Safal recorded profits in its processed food vertical only in 2010. Its processing units are located in Mumbai, Uttarakhand and Bangalore. The retailer sells 50% of its fruit pulp and concentrate in the domestic market and exports the rest.
Front-end Concerns
Madhu Sehgal, a 58-year-old teacher from West Delhi, has been a Safal customer for 20 years. But she now complains: “The booth can no longer match private stores. The stocks are inferior and the crates are often dirty and empty.”
Store managers blame excessive picking and sorting by consumers for the decay. That could play a role, considering the daily footfall in the 400 stores is around 120,000.
The fresh fruits and vegetables are sold out in the morning, leaving behind inferior produce. “We sell roughly 60% of our supplies between 6 am and 9 am,” admits Saran Singh, DGM (Sales and Marketing).
Then, there are other constraints. Stock once dispatched to a store are is not taken back. And so, in an effort to recover their investment, stores continue to put these on shelves till they are bought. However, Sahoo feels that ageing stocks and decay don’t affect the economics; “The loss due to old stock may not be more than 2-3% of the sales per booth.” Still, in an effort to remedy matters, Safal has arranged to supply stores thrice a day (morning-noon-night). But the better produce still comes in the morning.
Competition
The NCR fresh fruits and vegetables market is estimated to sell 5,000 metric tonnes per day. Only 10% of this is organised and Safal claims to have a market share of 40-50%. In effect, Safal’s market share is just 4-5%. The advent of other food retailers such as RelianceFresh, EasyDay, Spencer’s and More has eaten into Safal’s market share in the last five or six years. These private players offer a better ambience, a wider range of products and better staff. However, they lack the penetration and reach enjoyed by Safal’s booths. To take on the competition, Safal has rebranded and refurbished 125 of its 400 plus stores as Safal Pure Veg stores.
In addition, its positioning will always be different from a RelianceFresh or an EasyDay. According to Sahoo, who was himself with Reliance earlier, the basic tactic of private retailers is to use fresh fruits and vegetables as a footfall driver, and then sell other products with better margins. “In our case two-thirds of our turnover is from fresh fruits and vegetables—we cannot use that tactic.”
Sahoo also points that in India, 99% of fresh fruits and vegetables are still sold in unorganised markets. “Our ambience is much better than stalls, shops or mandis. But it is not better than modern retail, because they have ACs,” he admits.
Expansion Plans
Safal focuses on middle- and low-income customers, who constitute a large part of the population. Arvind Singhal, Chairman, Technopak Advisors, feels that the brand “has got immense unexploited potential as it reaches a large strata of society in NCR.” So, is the quasi-government nature of the organisation impeding its growth? No, says Singhal. “Amul takes on giants like NestlĂ©. Why can’t Safal?”
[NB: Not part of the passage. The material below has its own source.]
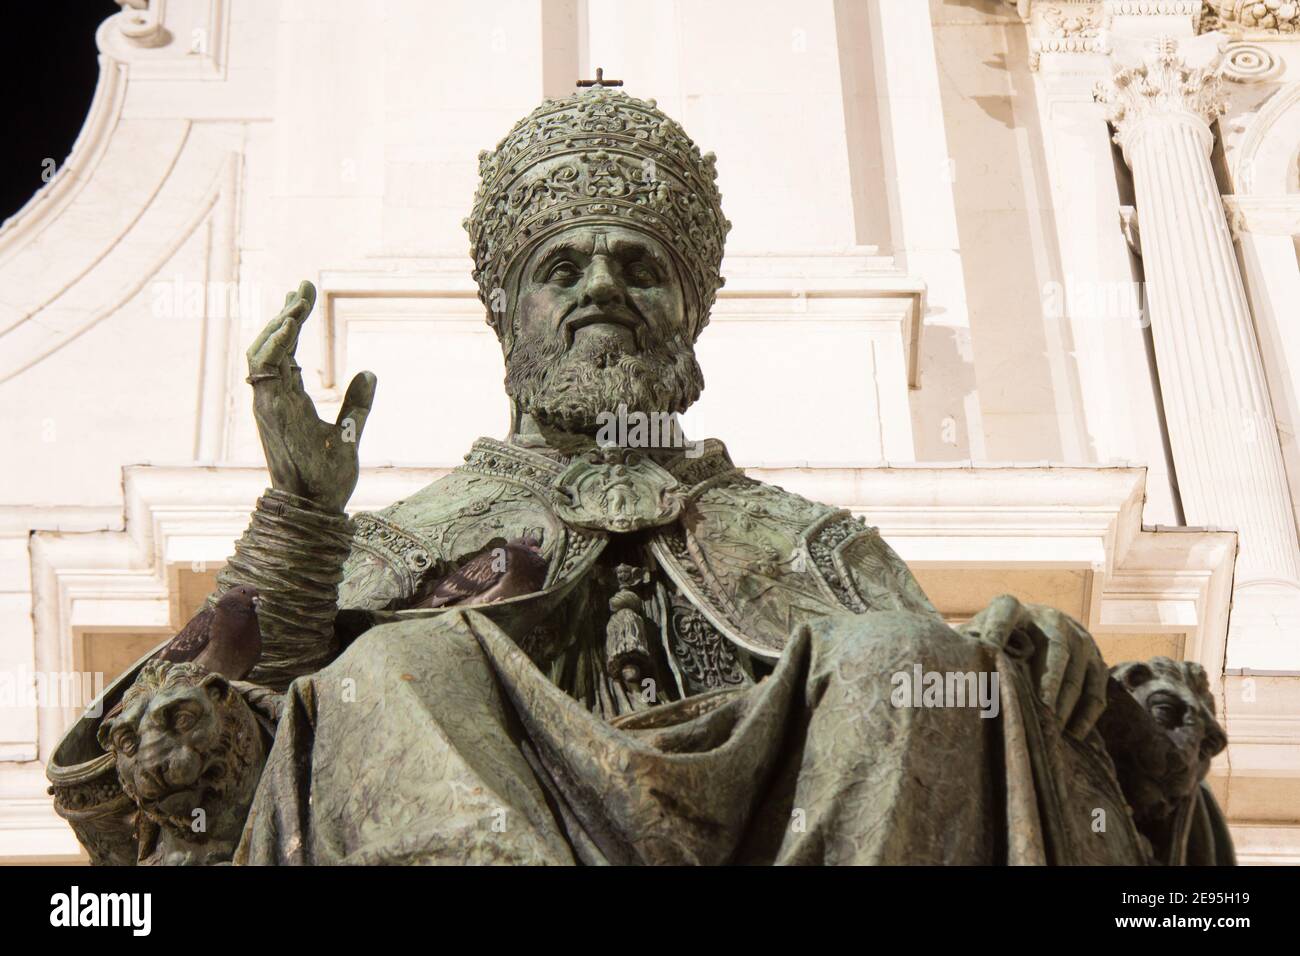 Loreto, Marche, province of Ancona:August 22,2020 View of the monument to Pope Sixtus V, the blessing of the bronze statue from the chair and the Stock Photo

Going forward, Safal plans to expand further. In the retail space, it is evaluating places close to Delhi and Bangalore, such as Mangalore, Hospet (near Bangalore) and Chandigarh (near Delhi). In Delhi, Safal is exploring the franchising model to add more stores. A pilot project is already on in the NCR, but the management won’t divulge details. While Safal officials say the organisation has a limited role to play in combating overall inflation, it could make a difference once it has a much larger network, bringing the farm closer to the fork.